In a speech opening the event, Muratov paid tribute to his Novaya Gazeta colleague Anna Politkovskaya, and to the 1,200 other journalists murdered in the past 15 years. Referring to “a new era of confrontation between dictatorial or authoritarian regimes and independent journalism,” he added: “Once journalists were killed but now entire media are liquidated.” In this regard, he saluted the courage of his fellow Nobel peace laureate, the Philippine journalist Maria Ressa, who is now facing a possible 100-year prison sentence.

“Each year, the prize is awarded to extraordinary people who exercise journalism so that democracy and human rights can exist, so that the challenges facing humanity can be addressed, globally and locally, in order, as Albert Camus simply put it, to prevent the world from unravelling,”  said RSF secretary-general Christophe Deloire, at the opening of the award ceremony. 
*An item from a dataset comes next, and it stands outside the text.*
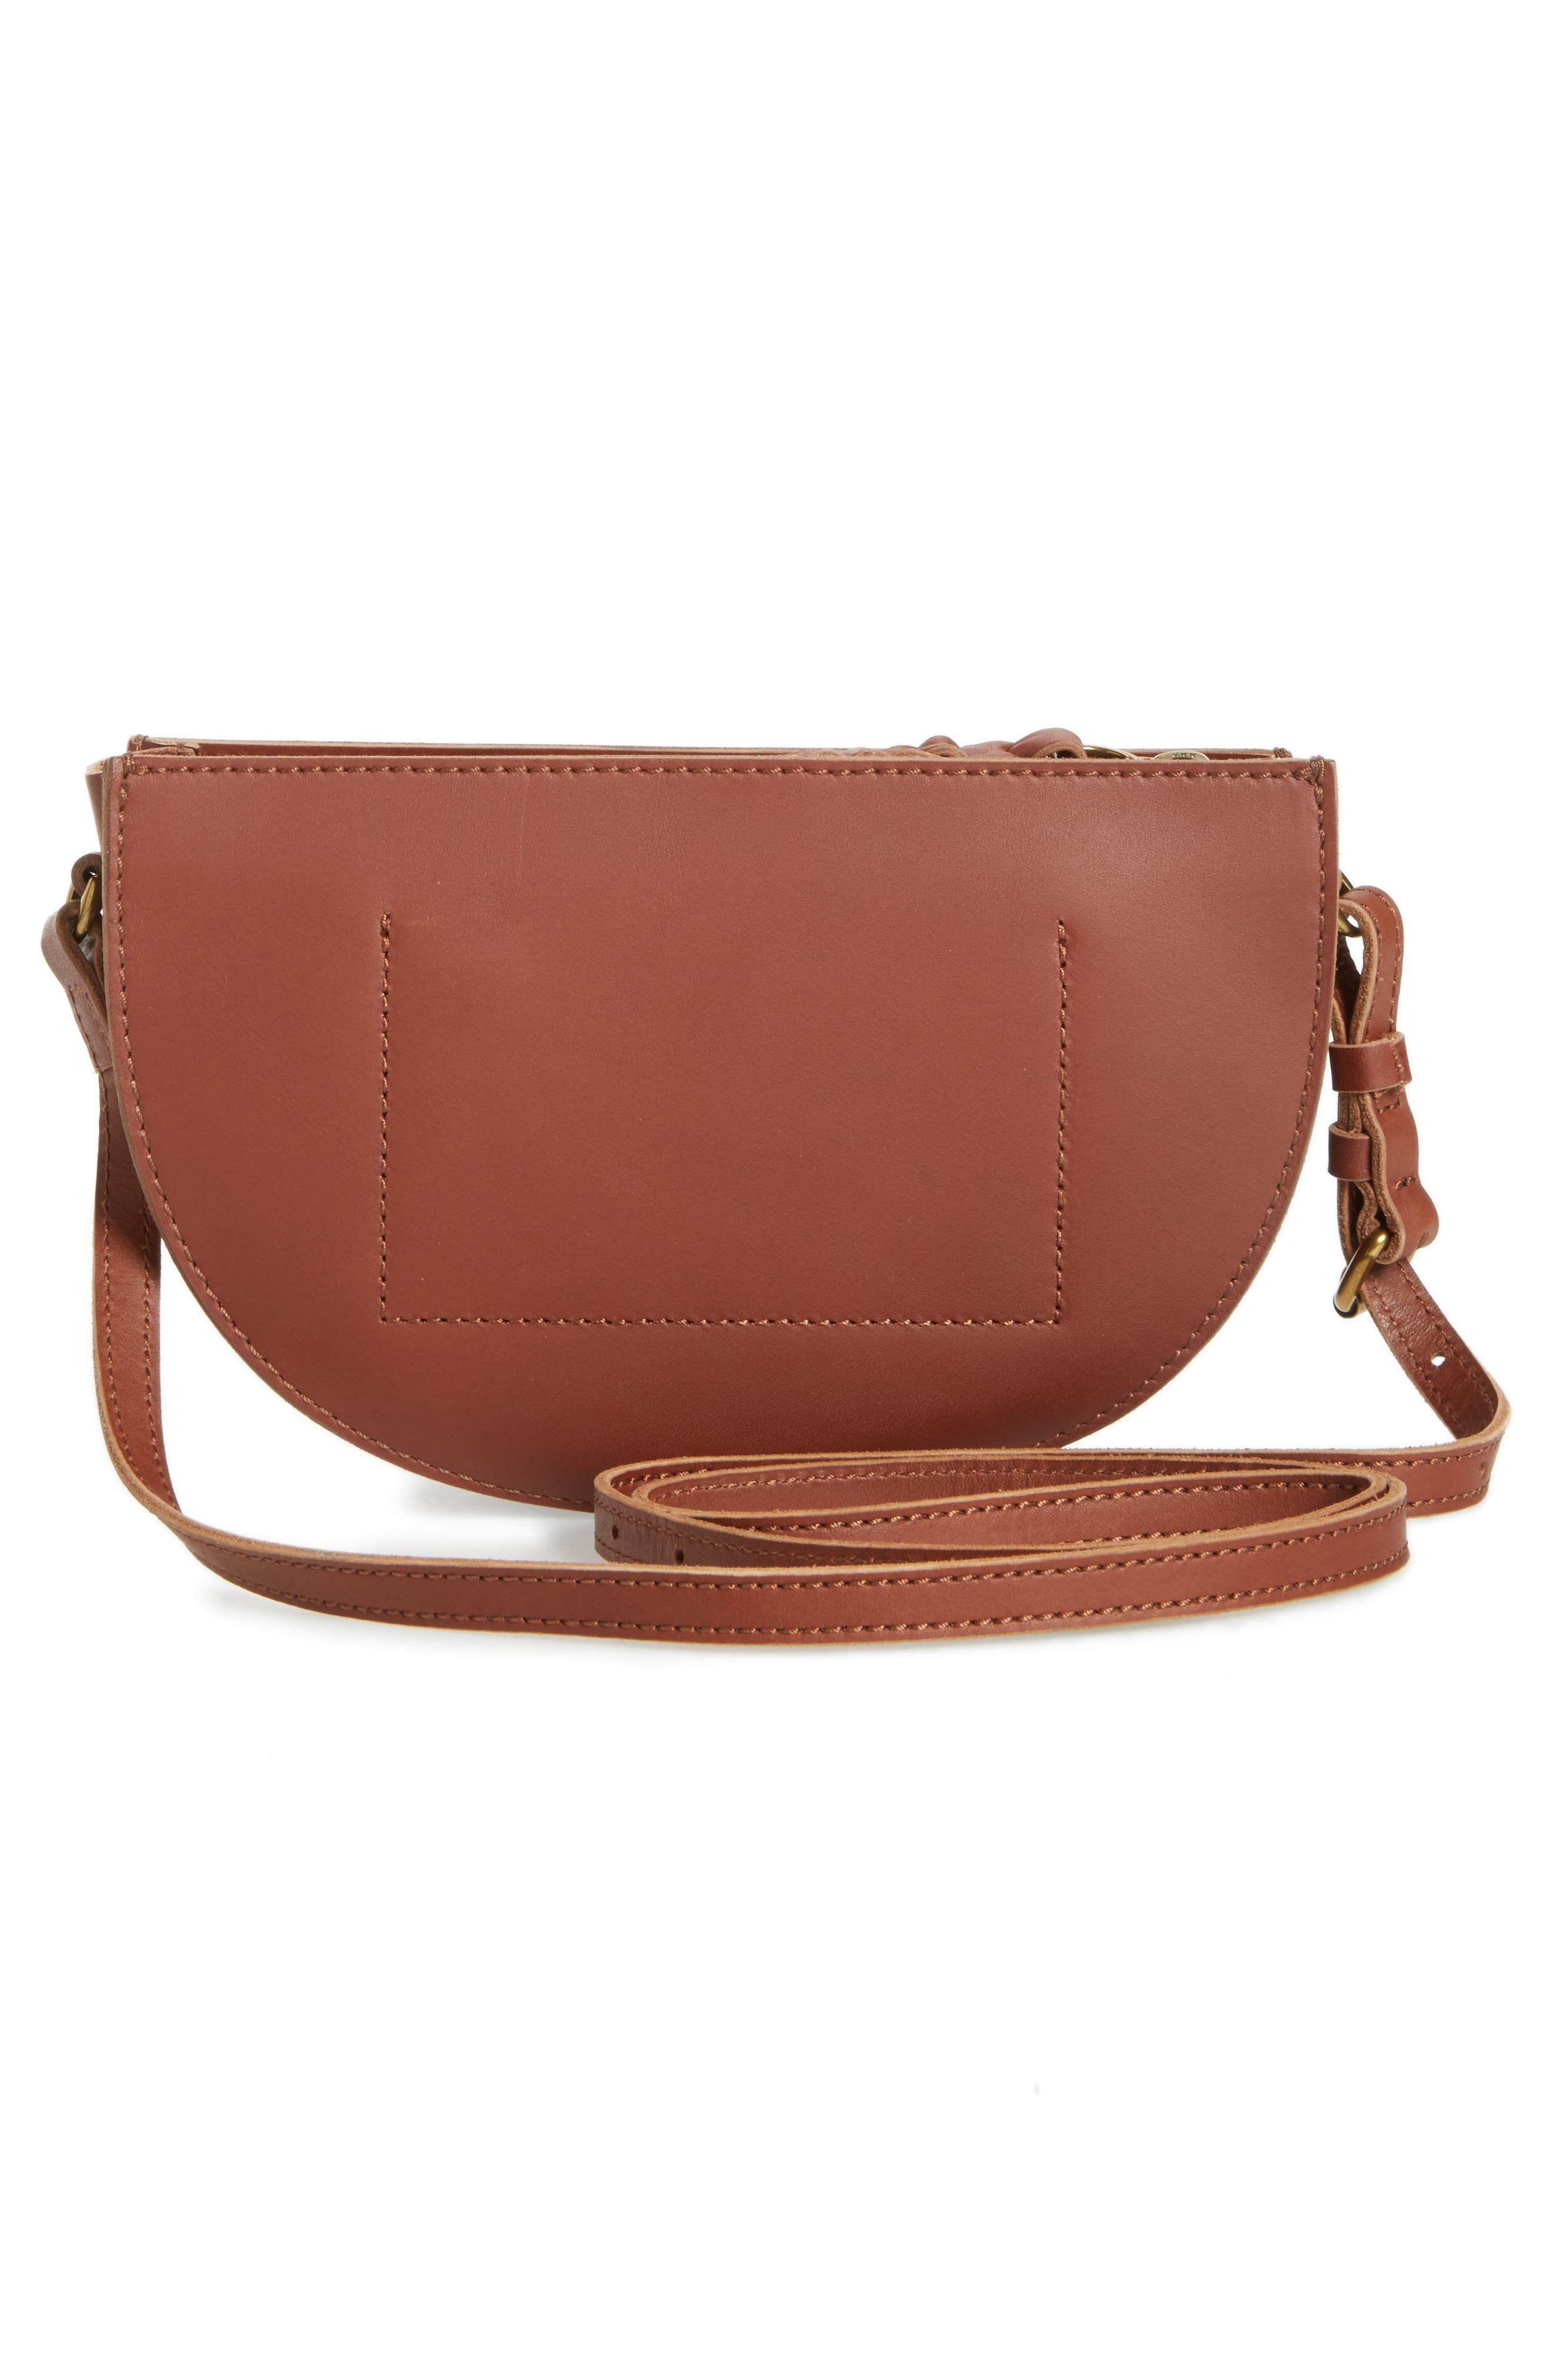 Juniper Vachetta Leather Half Moon Crossbody Bag,                             Alternate thumbnail 9, color,

This year’s jury, composed of leading journalists and free speech defenders from around the world, was chaired by Pierre Haski, the French journalist and columnist who is RSF’s president. Three former RSF laureates took part in the ceremony and presented the various prizes: Can Dündar, the former editor of the Turkish daily Cumhuriyet; Lina Attalah, co-founder and editor of the independent Egyptian newspaper Mada Masr; and Matthew Caruana Galizia, an investigative journalist and son of Daphne Caruana Galizia, a Maltese journalist who was killed by a bomb planted in her car in 2017.

 

Prize for Courage 

Narges Mohammadi (Iran) 

Repeatedly imprisoned during the past 12 years for fighting for press freedom and human rights, Narges Mohammadi is a symbol of courage. Even in prison, she has not stopped providing information about the appalling plight of prisoners in Iran, especially women prisoners. Her life has been a battle in which she has had to make many sacrifices so that her voice could be heard. Married to a journalist, Taghi Rahmani, she has two children she has not seen grow up, having spent only a few months out of prison since 2011. Despite having heart problems, she has been mistreated and tortured and has been given 154 lashes. But she does not lose hope and continues to call for civil disobedience, always with a smile on her lips. She has written dozens of articles from prison, has made a documentary and has even published a book entitled White Torture, based on her interviews with 16 prisoners.

 

Prize for Impact

Mstyslav Tchernov et Yevhen Maloletka (Ukraine

Reporting for the Associated Press, they were the only journalists to have documented the impact of the fighting and artillery bombardments in the Ukrainian city of Mariupol for 20 days in March 2022 for the international media. Their photo of a pregnant woman injured in the shelling of a maternity hospital went around the world and drew international public opinion’s attention to what was happening in the besieged city. They worked in extremely difficult conditions, with the Russian army looking for them because of the impact of their photos, but they were helped by the population, who were aware of the importance of their work.

 

Prize for Independence

Omar Radi (Morocco)

This investigative reporter and human rights activist has been subjected to judicial harassment for covering corruption and other sensitive subjects for more than ten years. The authorities began investigating him on suspicion of spying in June 2020, shortly after Amnesty International reported that the Pegasus spyware had been used to hack into his phone. A month later, he was jailed on the basis of a rape allegation and ended up being tried simultaneously on the completely different rape and spying charges, increasing doubts about the fairness of the trial. He was sentenced to six years in prison in July 2021. The authorities had been targeting him for at least three years prior to this trial. He began a hunger strike in April 2021 in protest against his detention but had to abandon it after 21 days because he suffers from Crohn’s disease, and has been in very poor health ever since.